Molecular and Structural
  1. logP. Type: Type. [Paper]

    Measures of a molecule’s hydrophobicity, or its partition coefficient between a nonpolar and polar solvent, and is commonly used to predict drug absorption and distribution.

  2. rotatable bond. Type: Type. [Paper]

    Annotation of the (non)rotatable bond.

  3. MolMap. Type: Software. [Paper]

    A method to visualise molecular structures in 3D by mapping atomic properties onto a 3D grid, allowing for the exploration and analysis of molecular interactions and properties.

  4. RDKit. Type: Software. [Paper]

    An open-source package to generate chemical features.

  5. UFF. Type: Table. [Paper]

    A molecular mechanics force field designed for the full periodic table.

  6. Mordred. Type: Software. [Paper]

    A tool for generating molecular descriptors, which are mathematical representations of molecular structures used for molecular property analysis.
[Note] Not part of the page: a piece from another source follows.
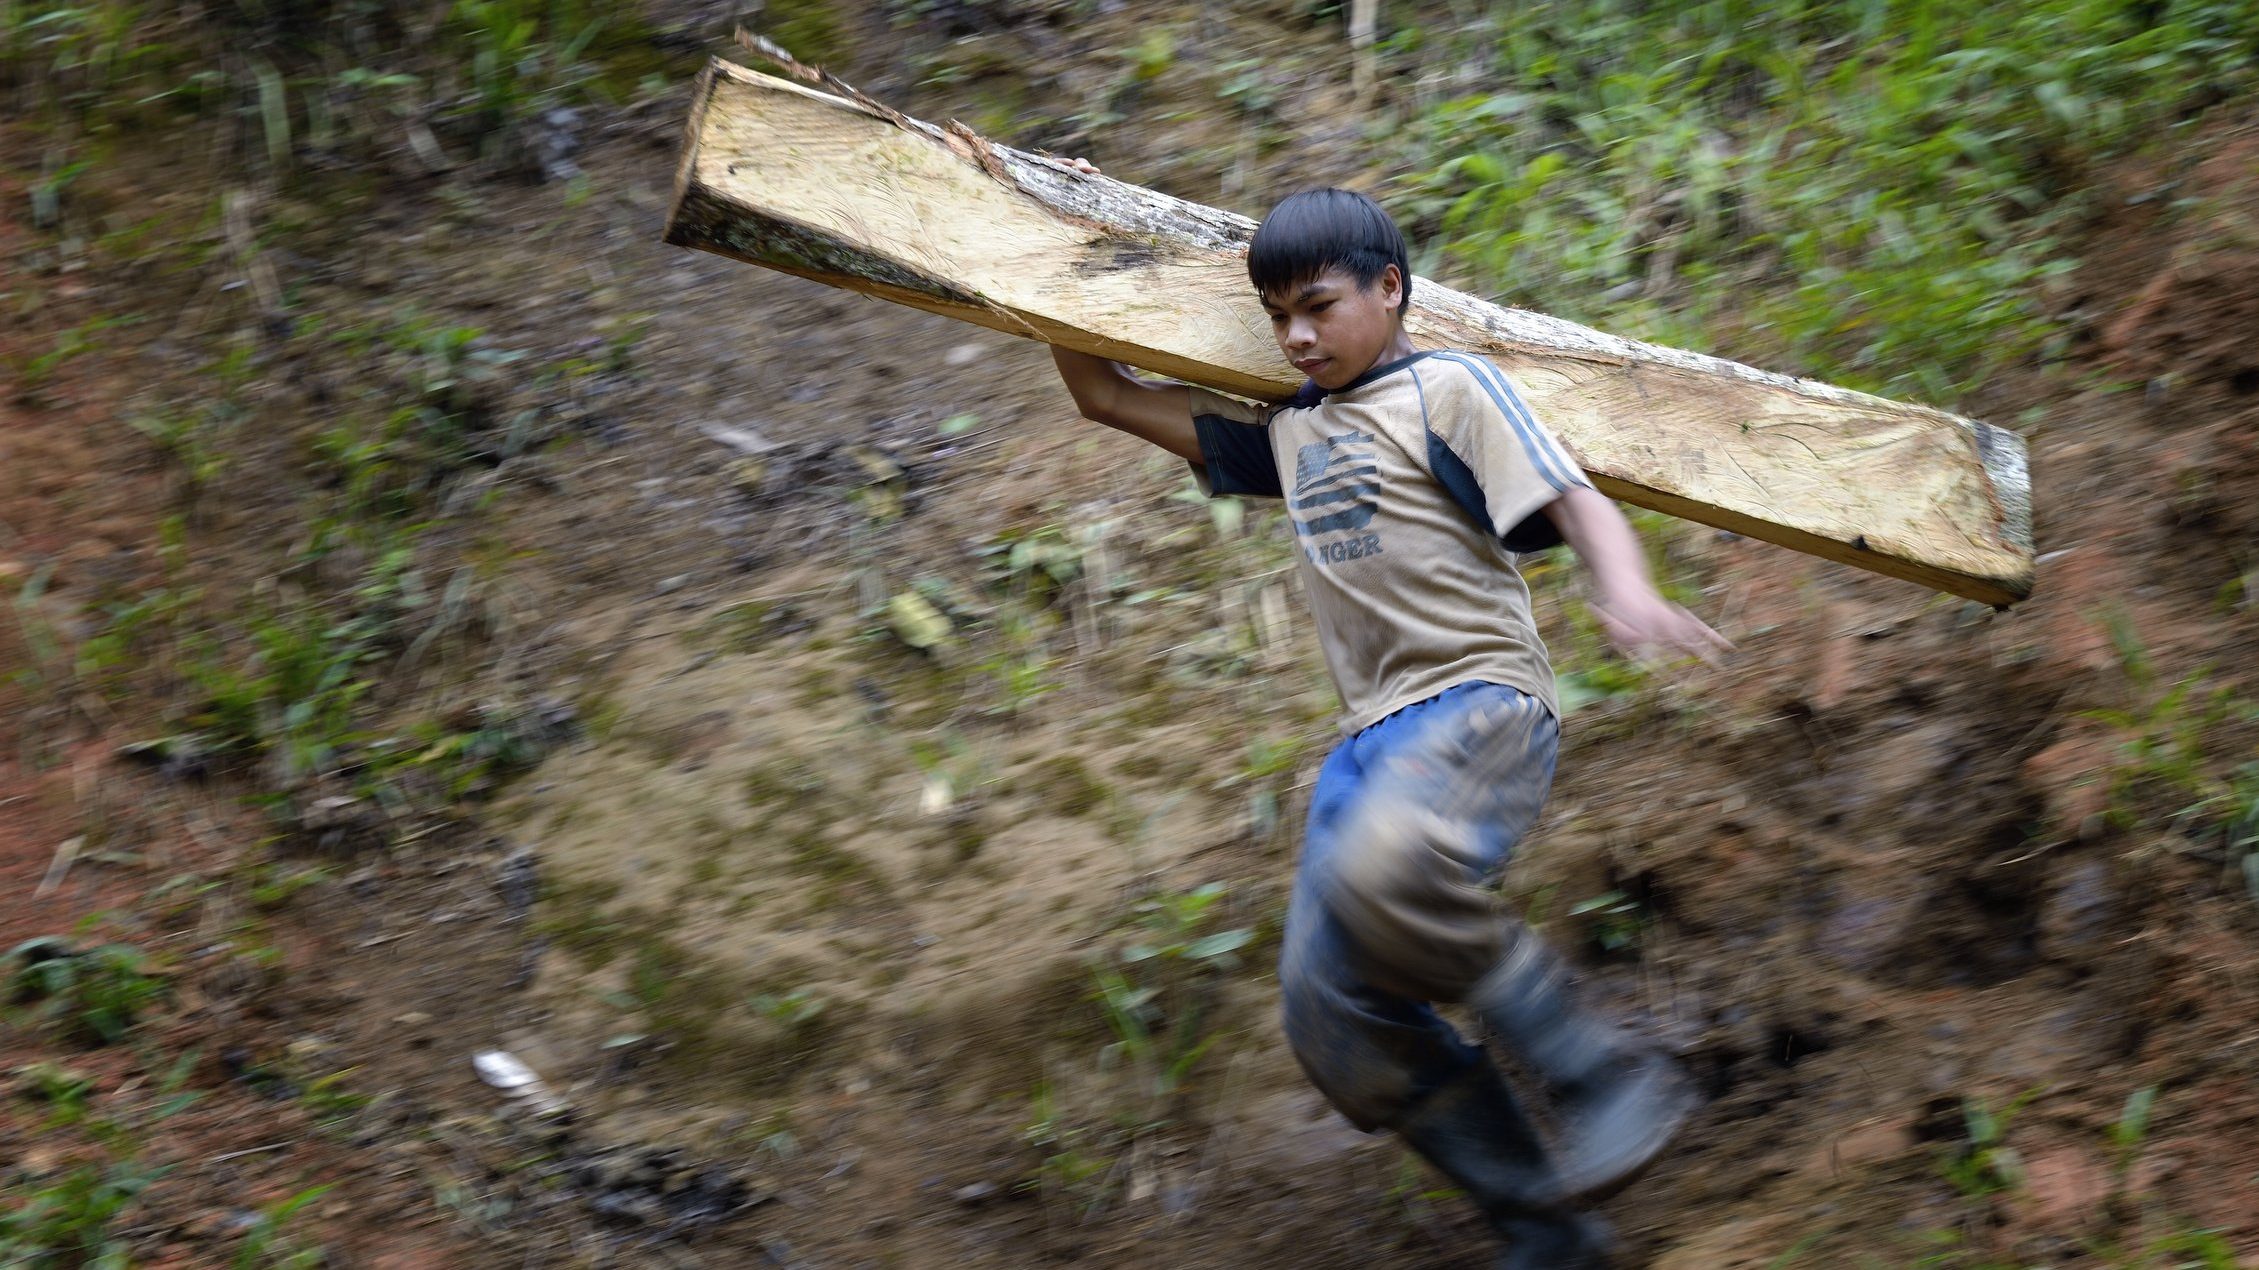 Poverty driving children into forced labor must be tackled, pope says

  7. OpenBabel. Type: Software. [Paper]

    An open-source molecular modelling software that provides a comprehensive toolkit for molecular conversion, visualisation, and analysis.

  8. MoleculeNet. Type: Database. [Paper]

    A benchmark for molecular machine learning, comparing models performances on various molecular property prediction tasks such as solubility, melting point, and binding affinity.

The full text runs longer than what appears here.